» **Aim of the exercise**
Return the lines of the material below exactly, beginning with the line that has "Marias Nail Art" in it and finishing with the line that has "Raúl González, left, and" in it. Leave all pictures aside.

---- Input for this task

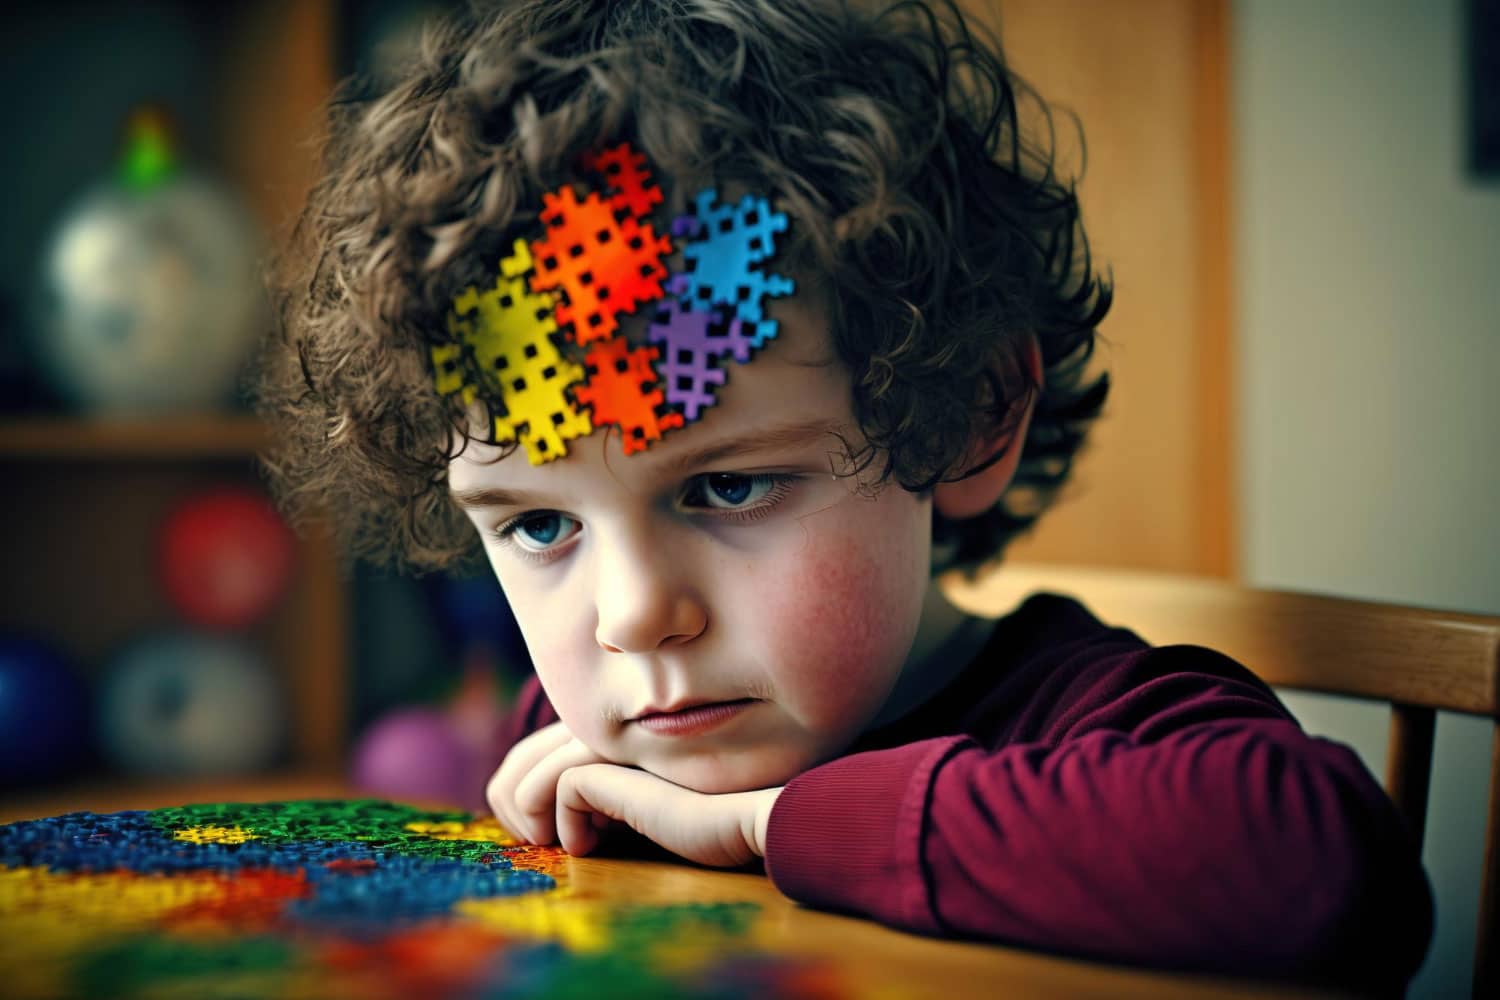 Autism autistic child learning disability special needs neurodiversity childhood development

--------
---- Input for this task

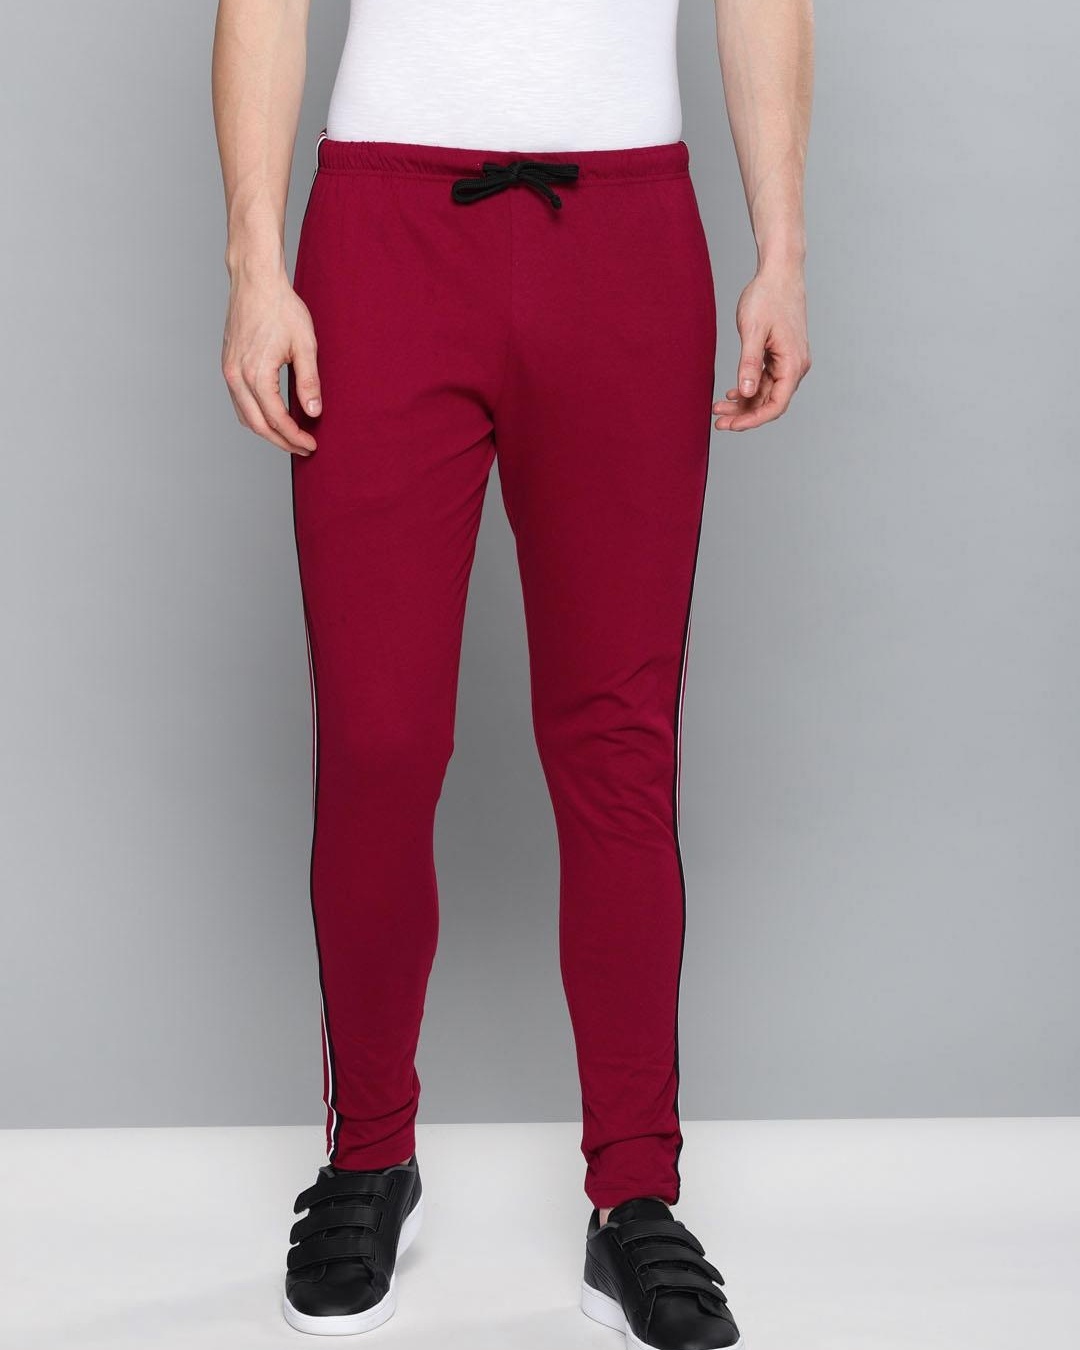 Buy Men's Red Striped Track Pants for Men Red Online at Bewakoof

--------
---- Input for this task

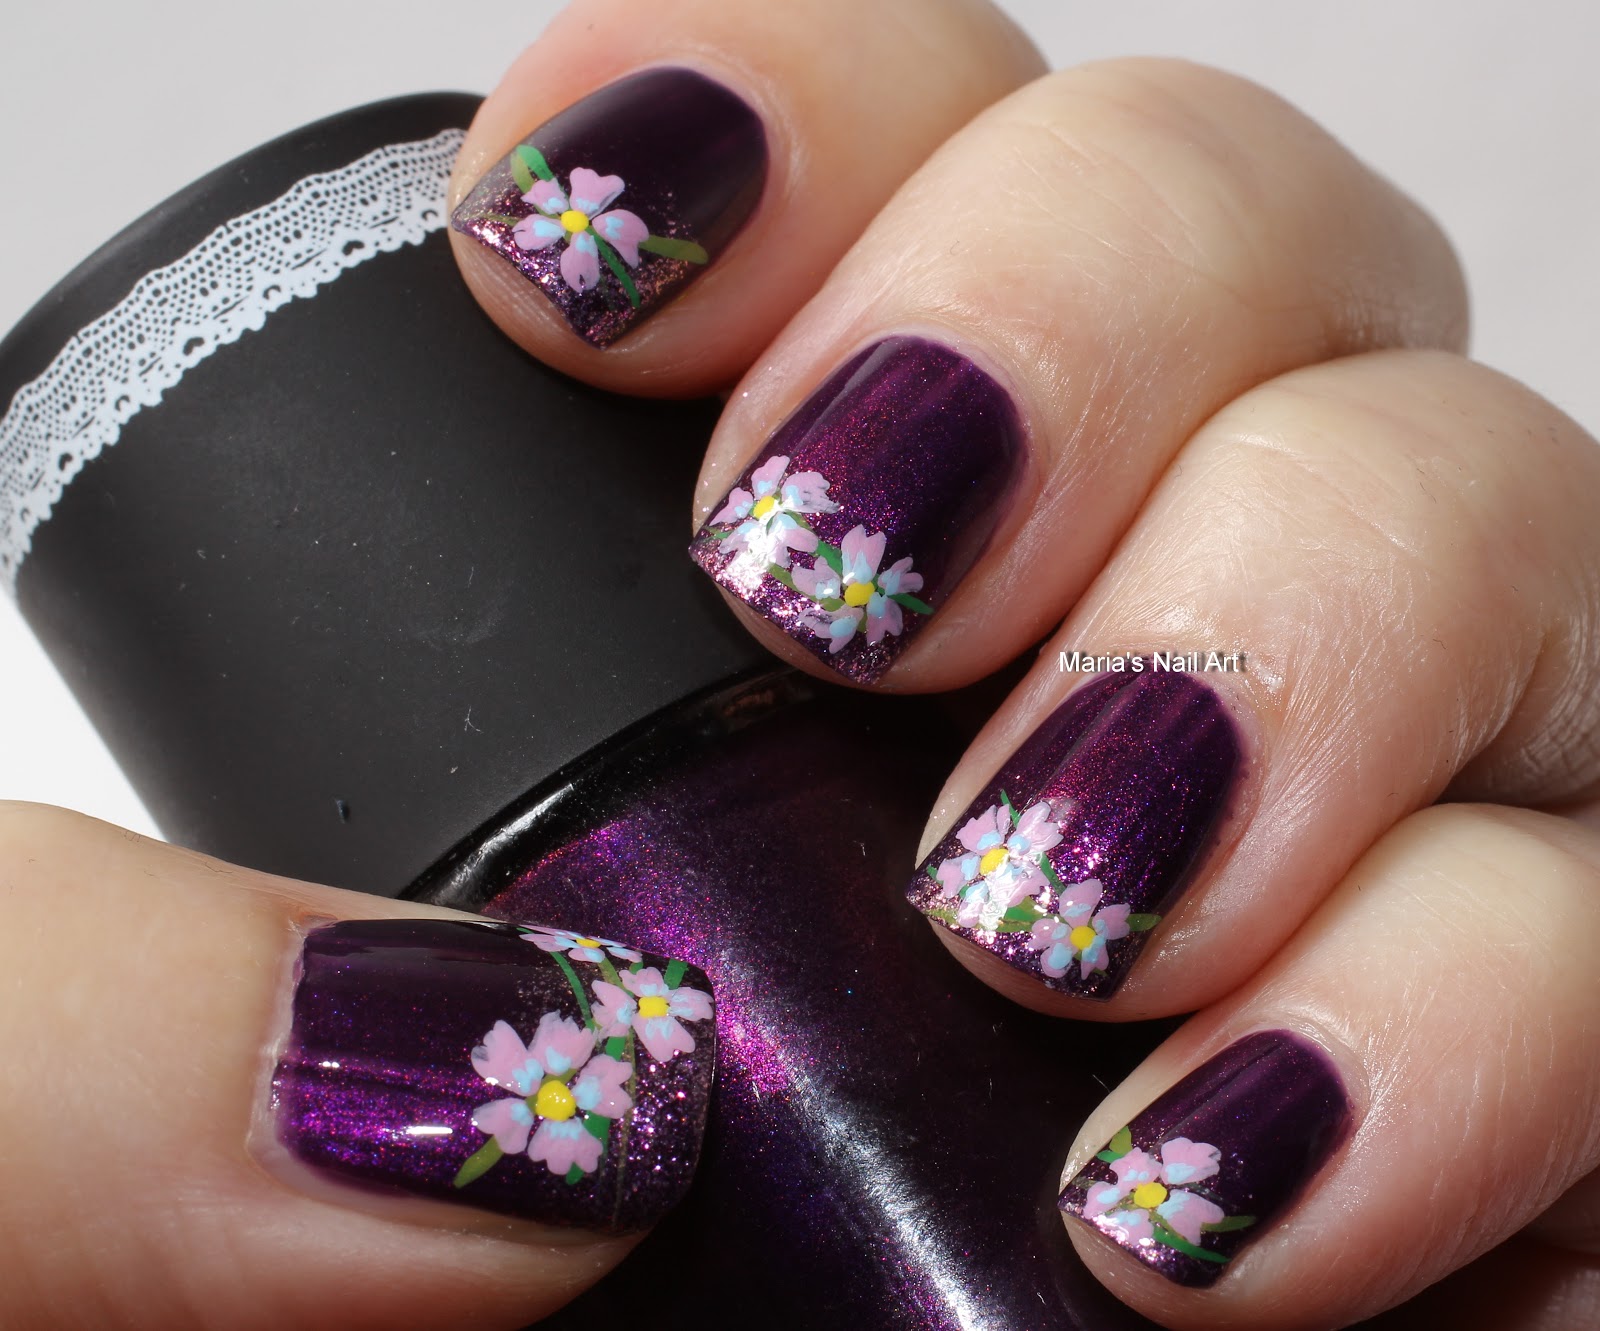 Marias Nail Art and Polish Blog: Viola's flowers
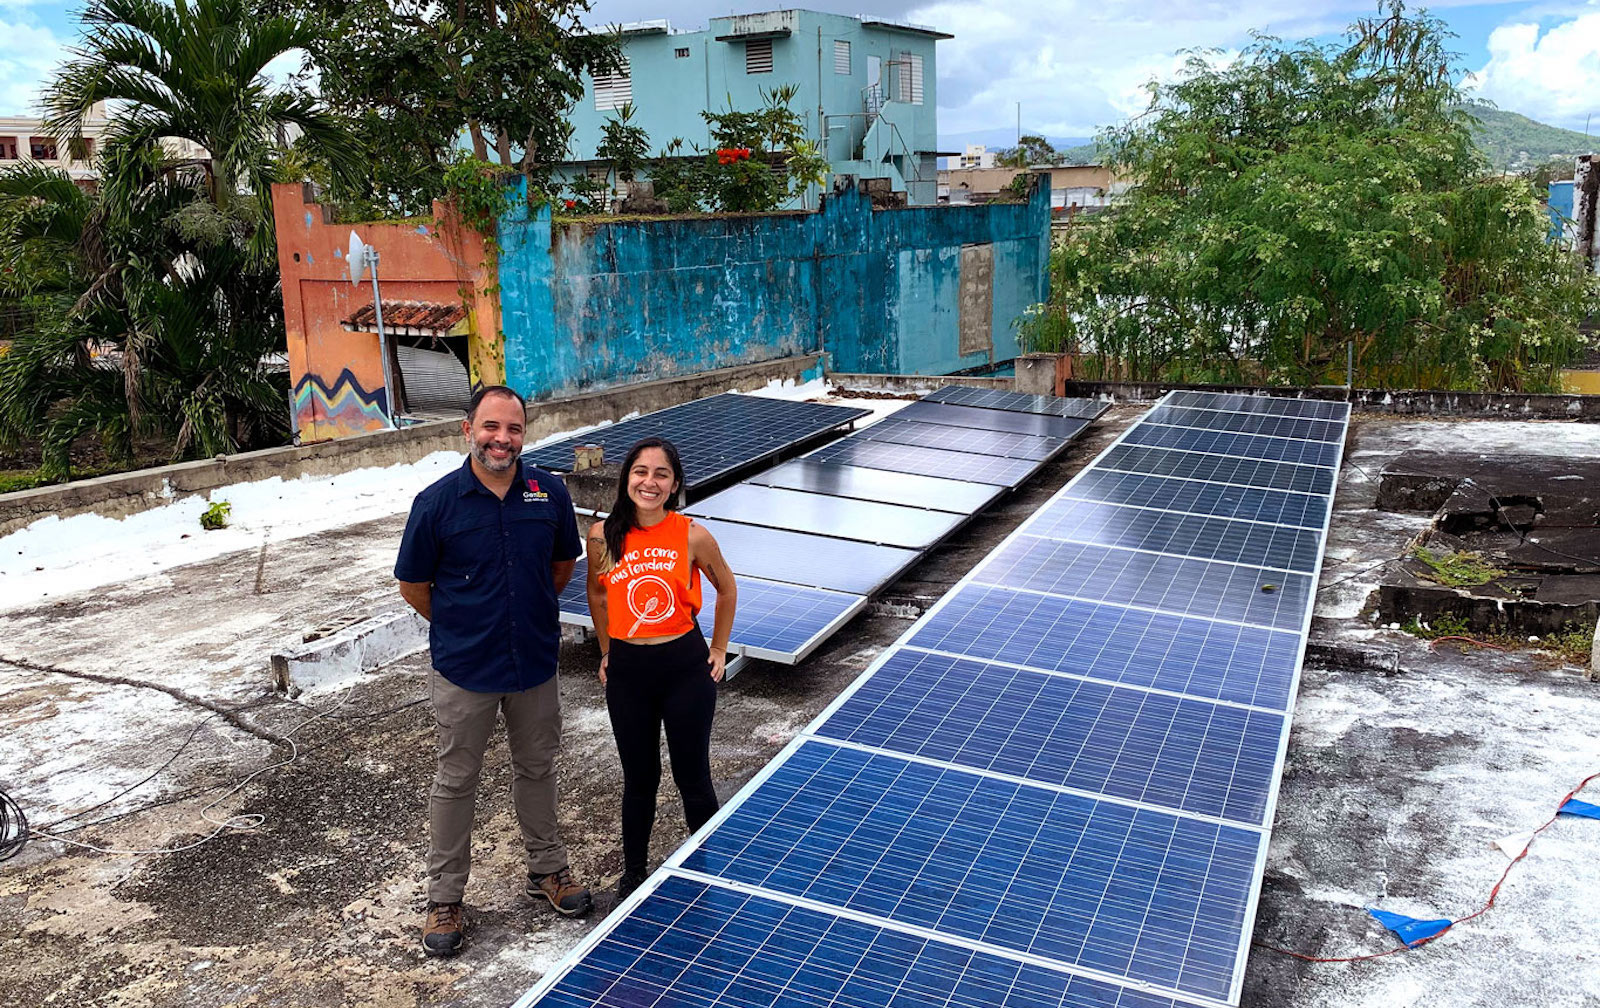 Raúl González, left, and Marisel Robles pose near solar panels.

--------

» **Exercise result**
 Marias Nail Art and Polish Blog: Viola's flowers
 Raúl González, left, and Marisel Robles pose near solar panels.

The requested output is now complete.